(WHAT YOU WILL DO)
Print the listing exactly as it stands. Skip every picture.

(RECORDED INFORMATION)

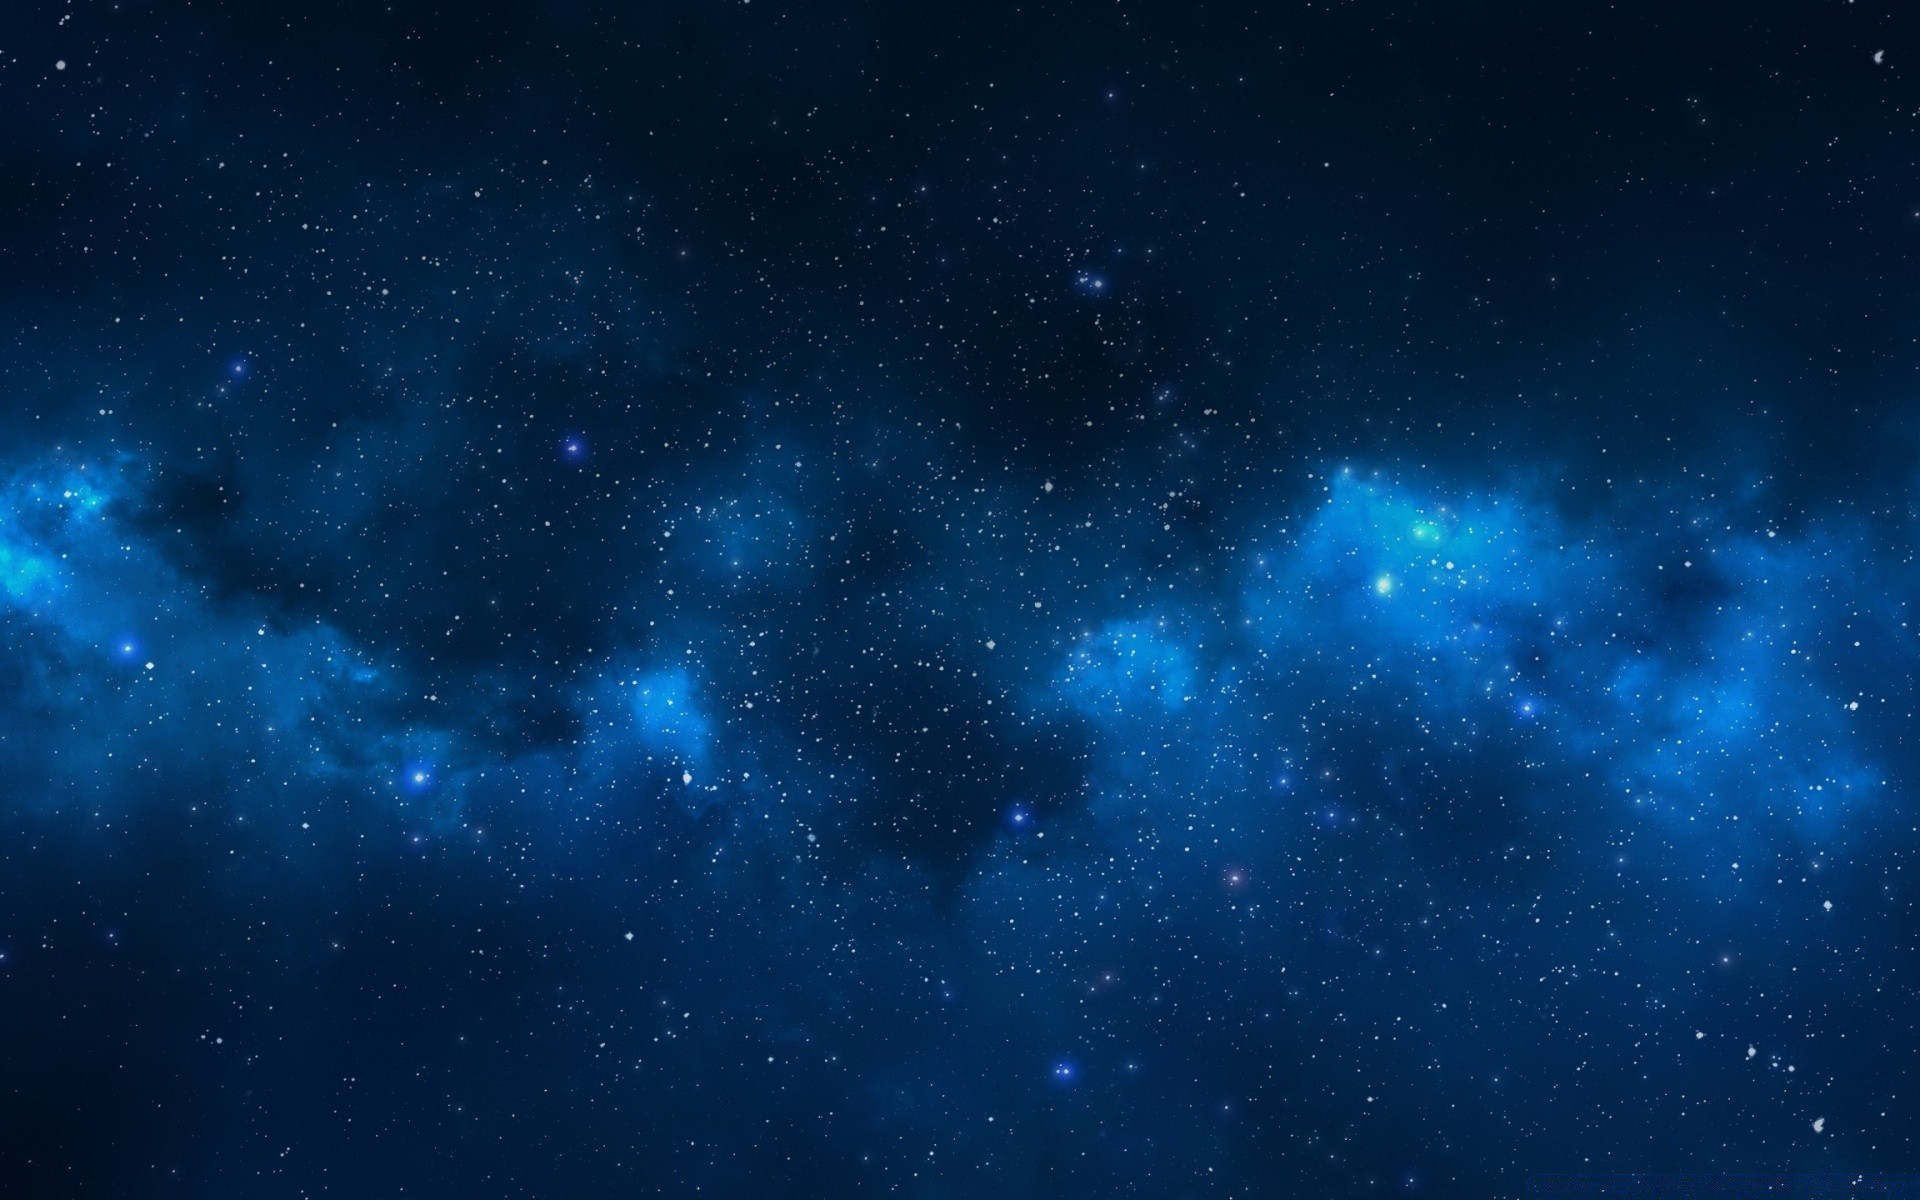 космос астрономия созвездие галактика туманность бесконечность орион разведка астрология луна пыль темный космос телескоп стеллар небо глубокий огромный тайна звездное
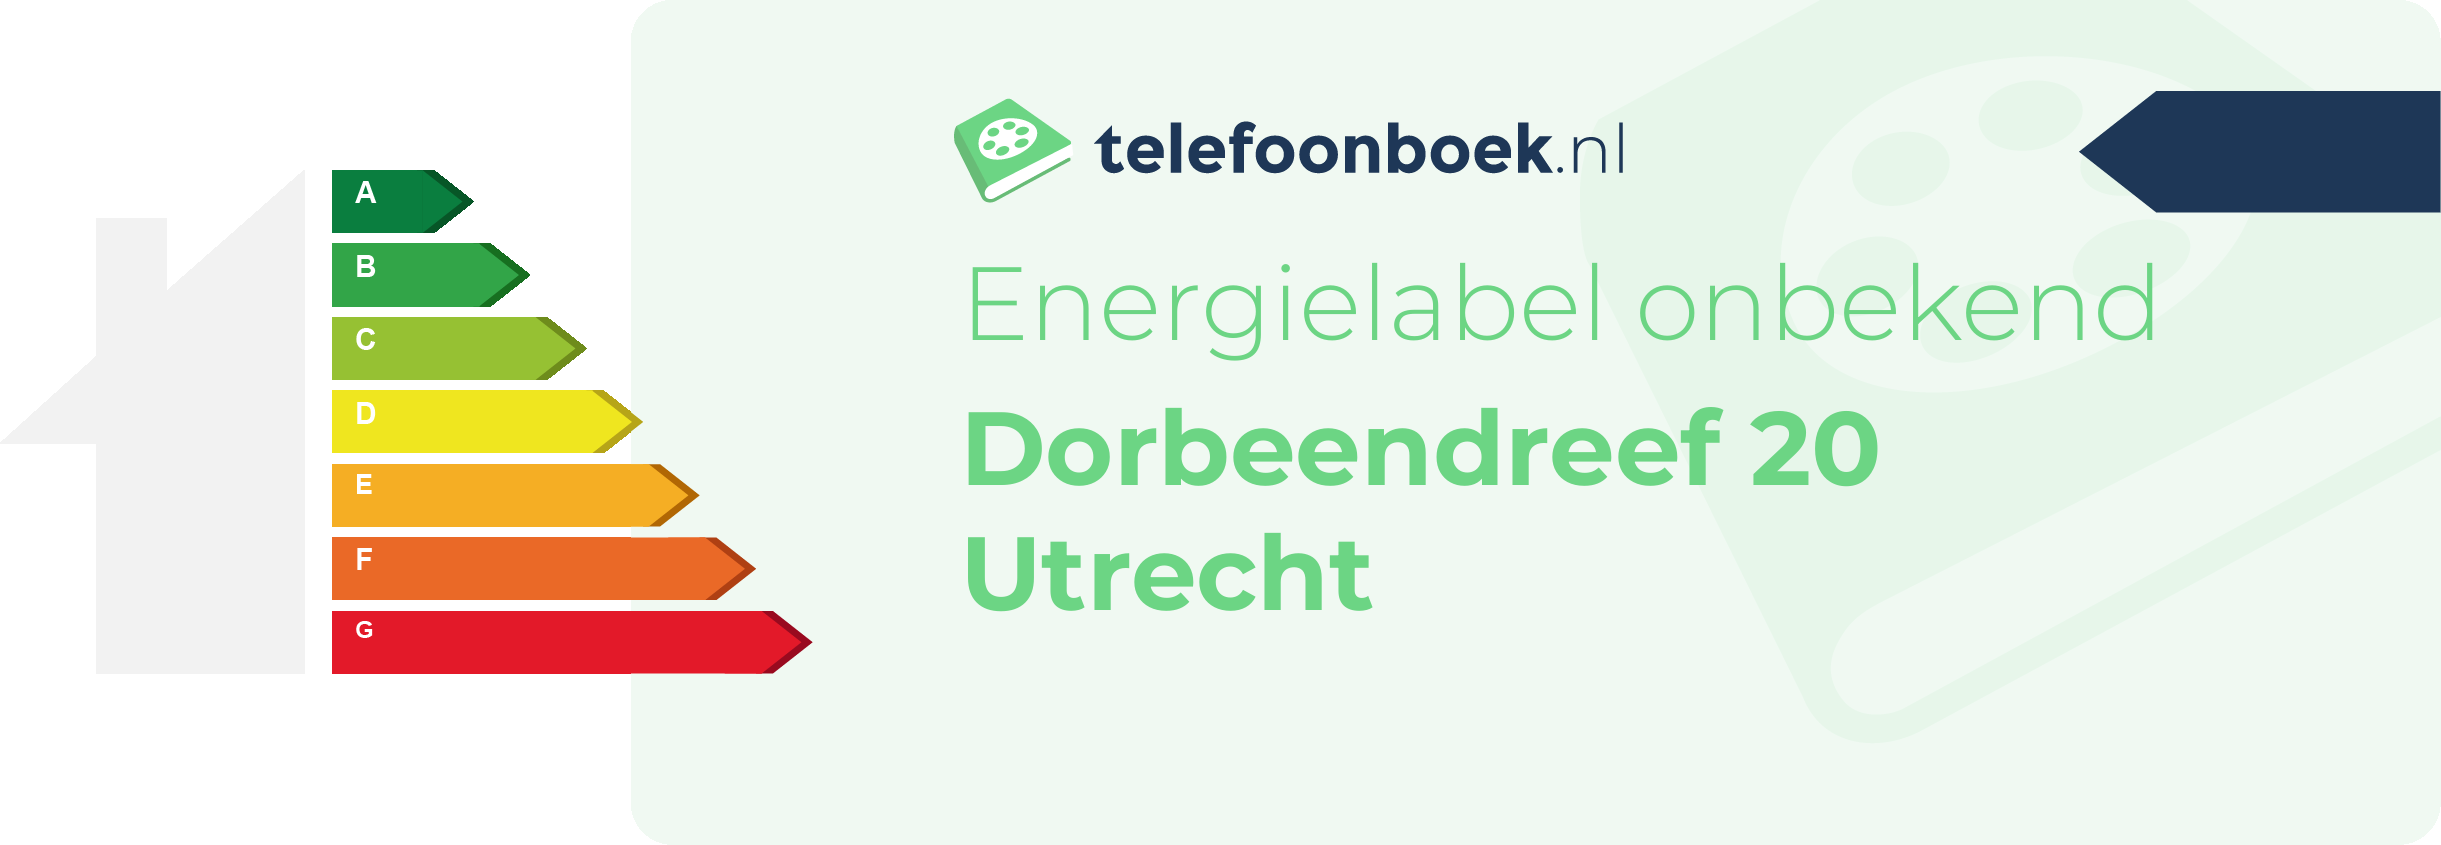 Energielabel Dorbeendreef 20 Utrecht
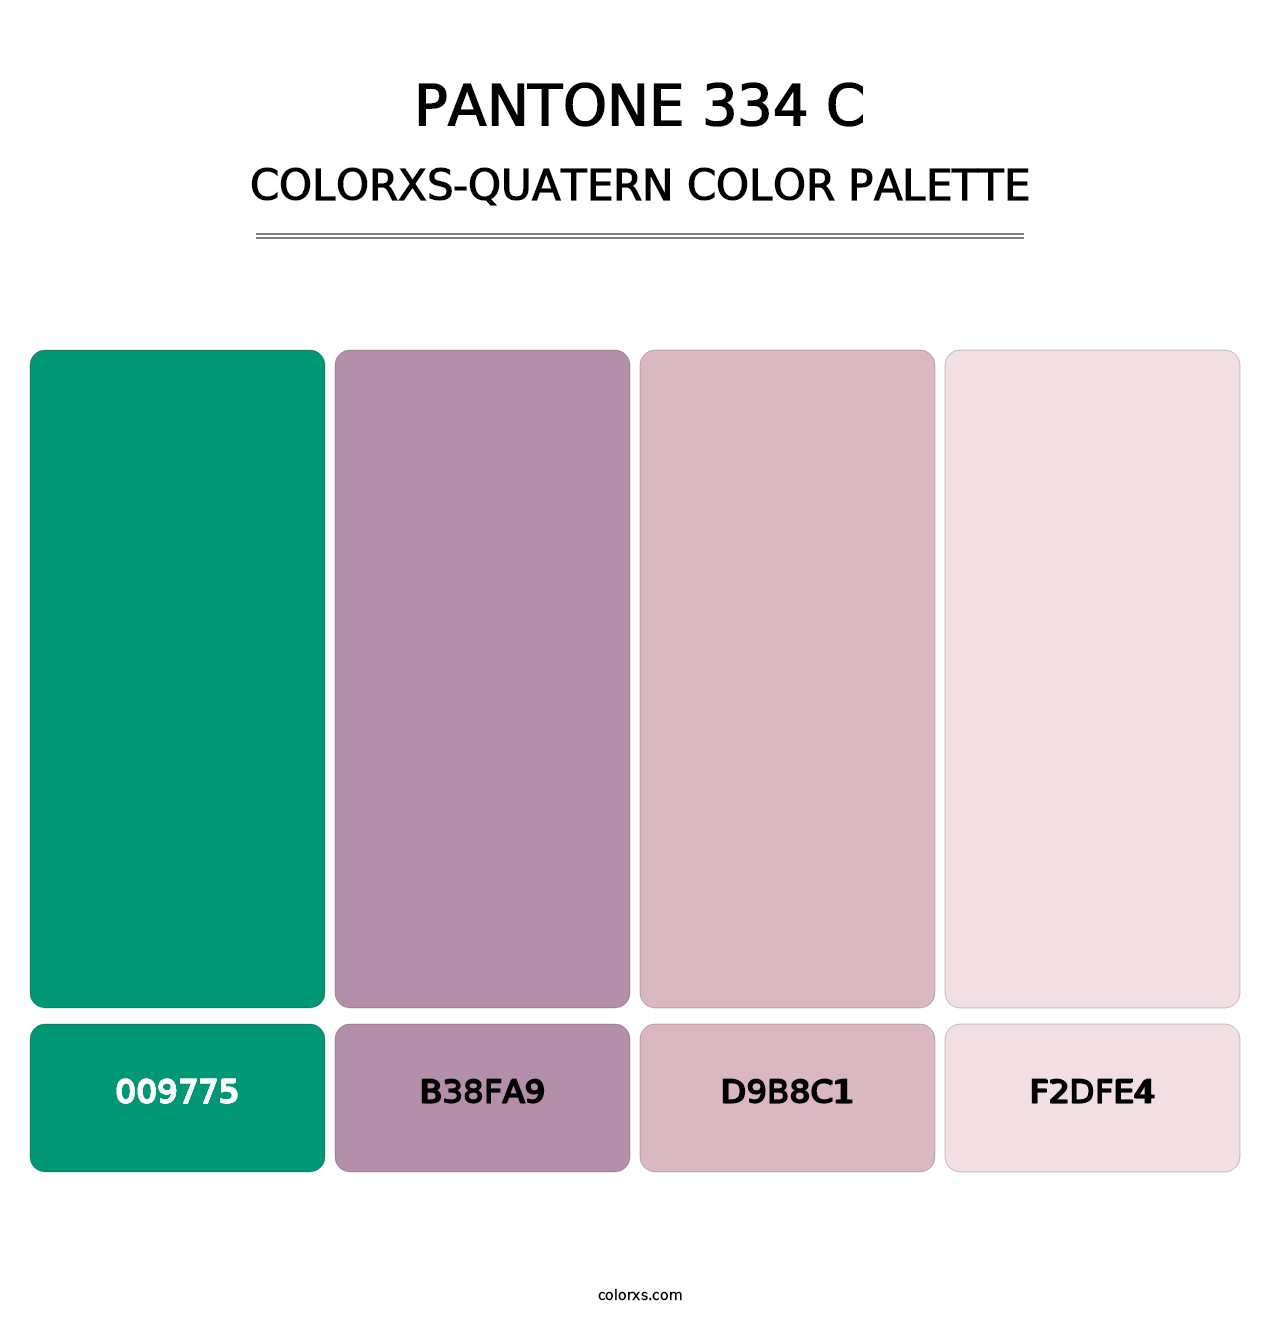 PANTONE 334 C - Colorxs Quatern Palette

(RESPONSE AREA)
 космос астрономия созвездие галактика туманность бесконечность орион разведка астрология луна пыль темный космос телескоп стеллар небо глубокий огромный тайна звездное
 Energielabel Dorbeendreef 20 Utrecht
 PANTONE 334 C - Colorxs Quatern Palette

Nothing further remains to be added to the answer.